*Exercise directions*: Please restate each line of the data below exactly. Omit all images.

*Data extract*:
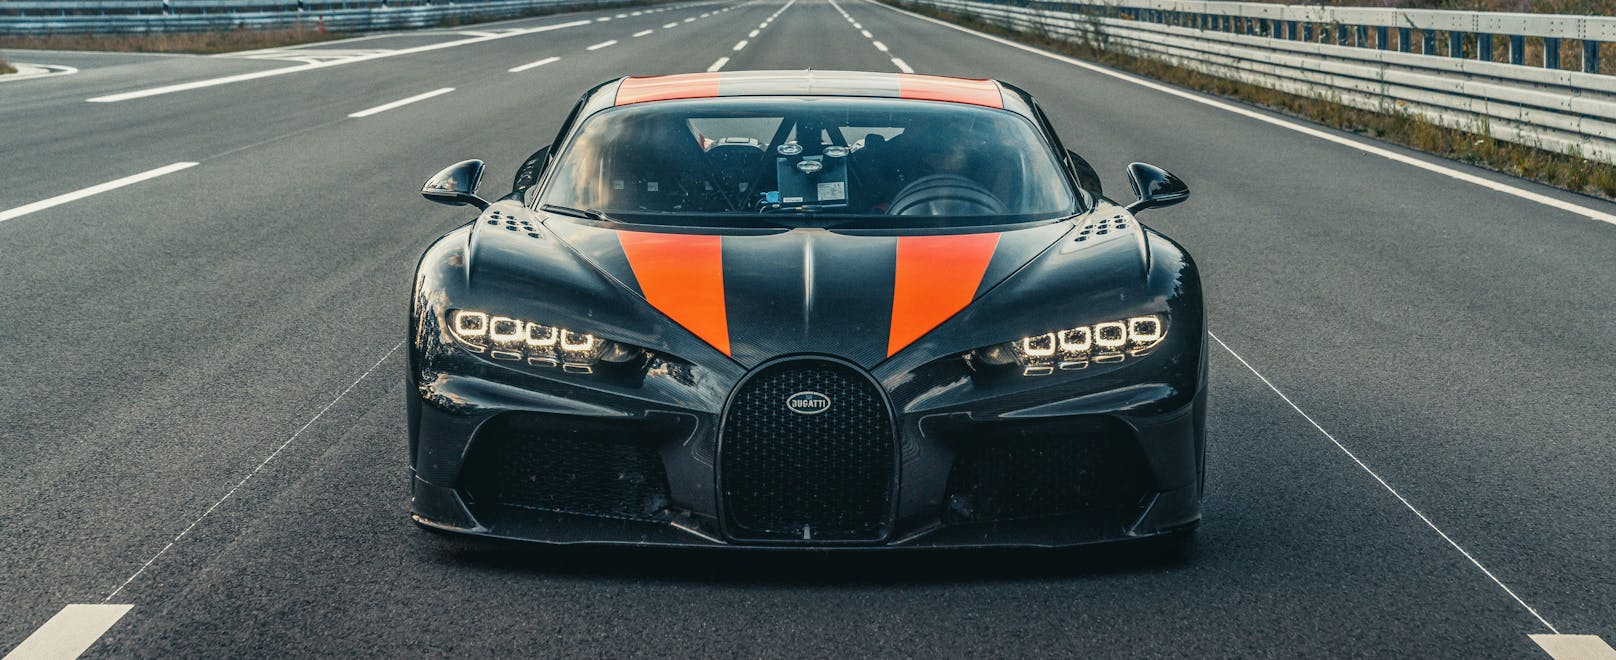 Dieser Bugatti fetzt mit über 300 Meilen pro Stunde über den Asphalt!
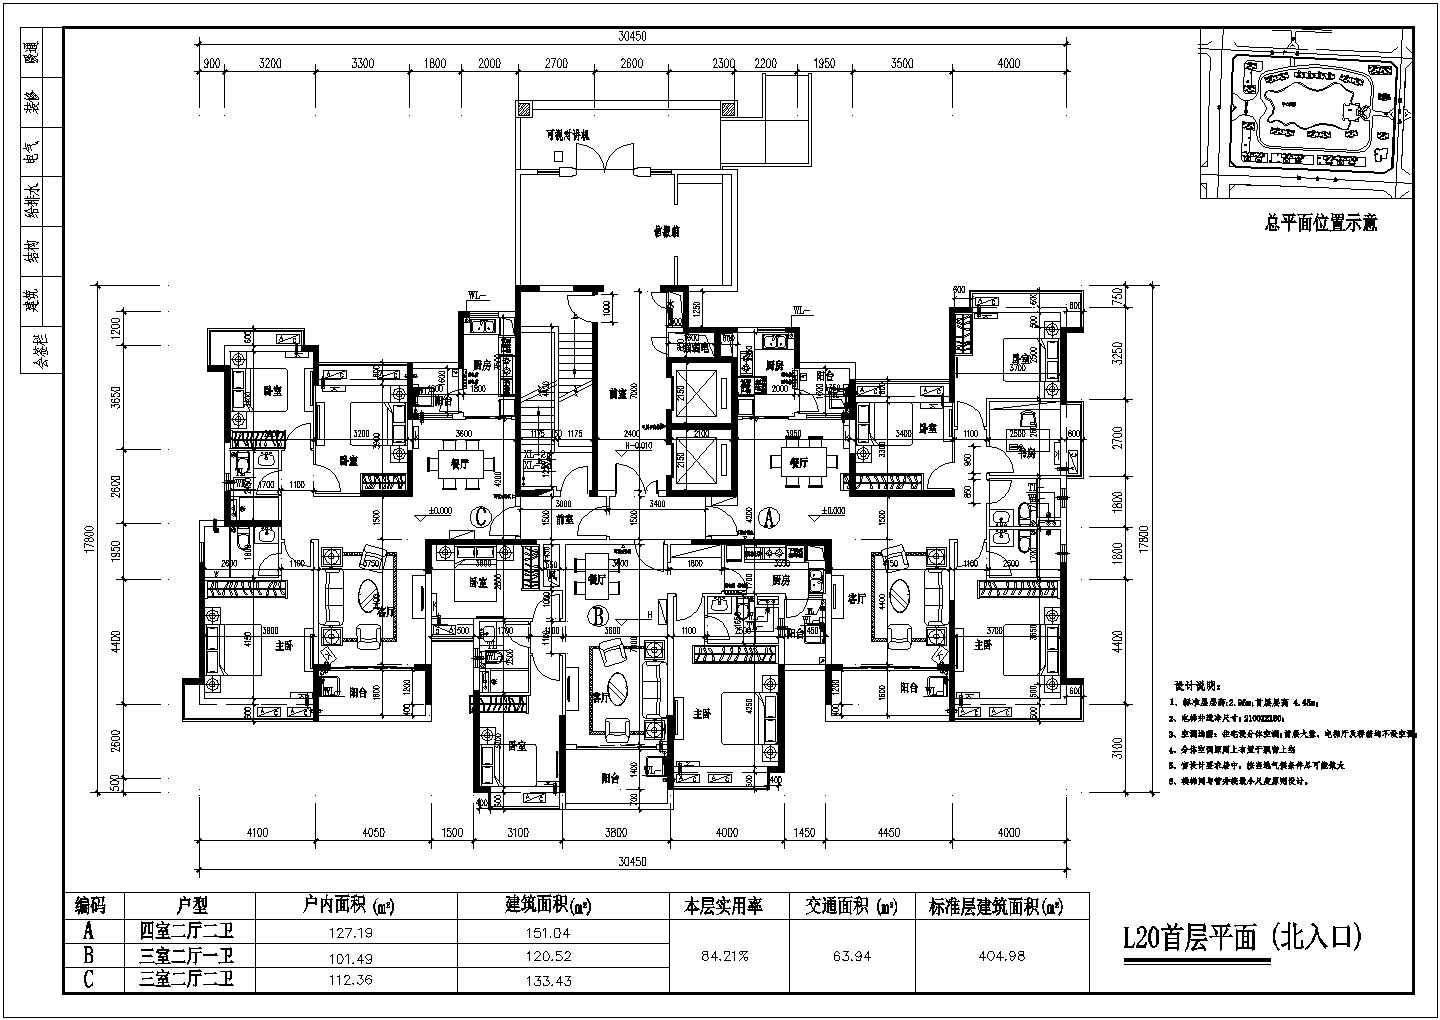 某大型住宅小区总平面规划方案及部分户型图
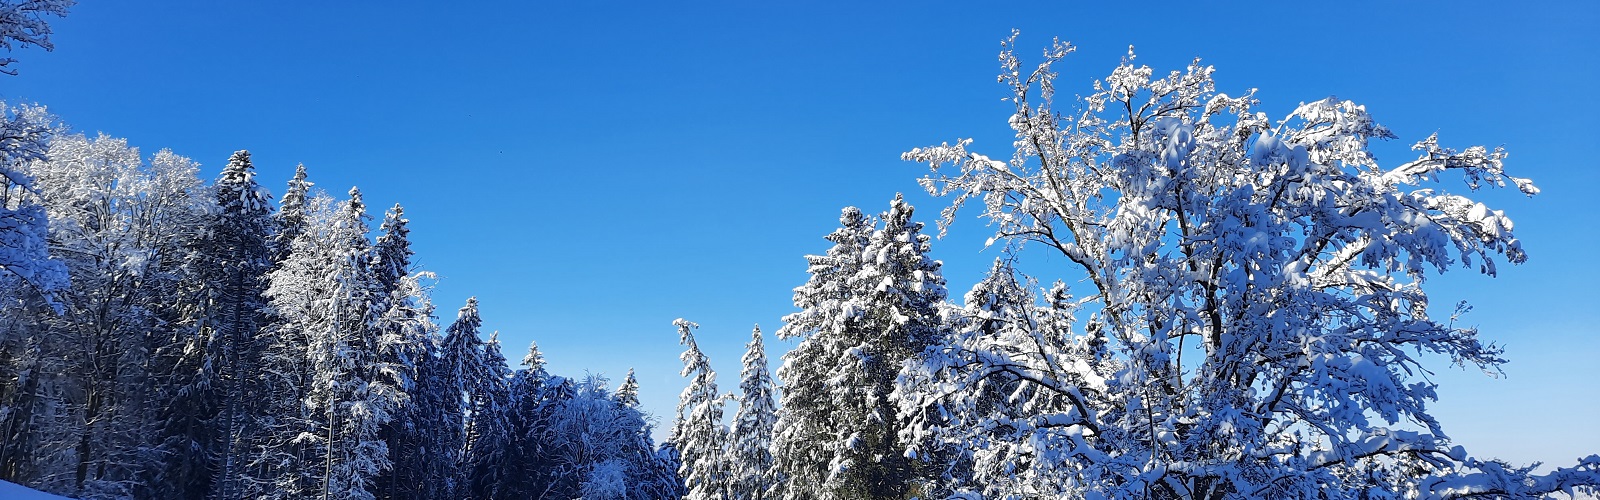 Das Bild zeigt Bäume voll Schnee vor einem blauem Himmel

*Output of the task*:
 Dieser Bugatti fetzt mit über 300 Meilen pro Stunde über den Asphalt!
 某大型住宅小区总平面规划方案及部分户型图
 Das Bild zeigt Bäume voll Schnee vor einem blauem Himmel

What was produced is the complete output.